Drobo

drobo unseated drive scare and problem

yesterday i was moving some things around including my drobo. i took care to shut it down through the drobo app, i unplugged the cables and moved it to its new home on a nice shelf. plugged it back in and watched the light dance. a few minutes later it informed me i had a drive failure in the bottom most drive and to replace the failed drive.

well the drive is only a few weeks old and i had doubts it failed so i shut down again, ejected, and reseated the drive. powered up again and the drobo thanked me for a new drive and proceeded to rebuild itself (taking 4 hours as the missing drive was 2tb)!

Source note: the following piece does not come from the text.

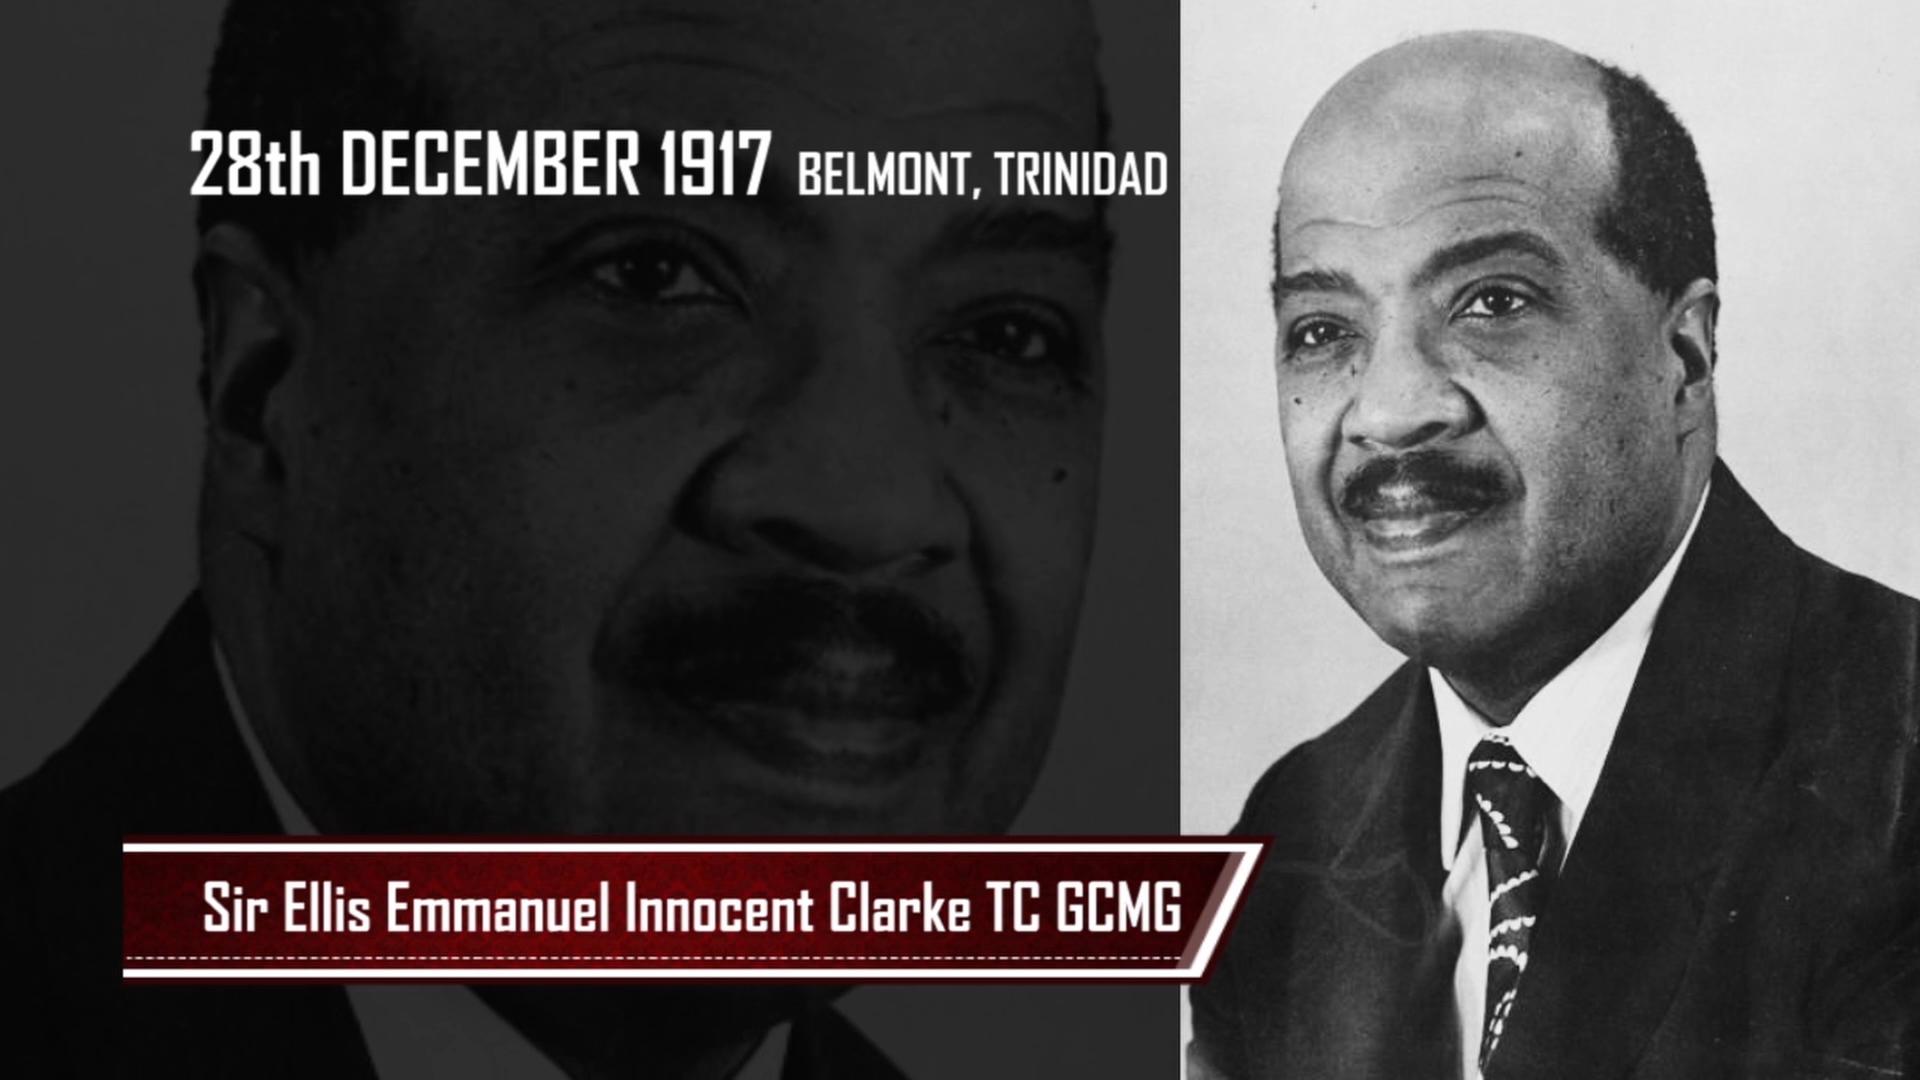 PRESIDENTS OF THE PAST- Sir Ellis Emmanuel Innocent Clark

this prompts two questions:

why did the drobo not recognize that the missing drive was returned and just continue on?

what would happen if 2 drives came unseated? when i reseated them both would my data be entirely lost because of a false “2 drive failure”?

the second question very much concerns me. while i have no immediate plans to move my drobo again, not after this most recent experience, this false alert and automatic rebuild could actually result in a data loss when there was none.

i have a linux server running just a few feet away from my drobo equipped with 6 data drives. something like this could never happen. if the same situation had happened the raid array would have been fine after i reseated the drive.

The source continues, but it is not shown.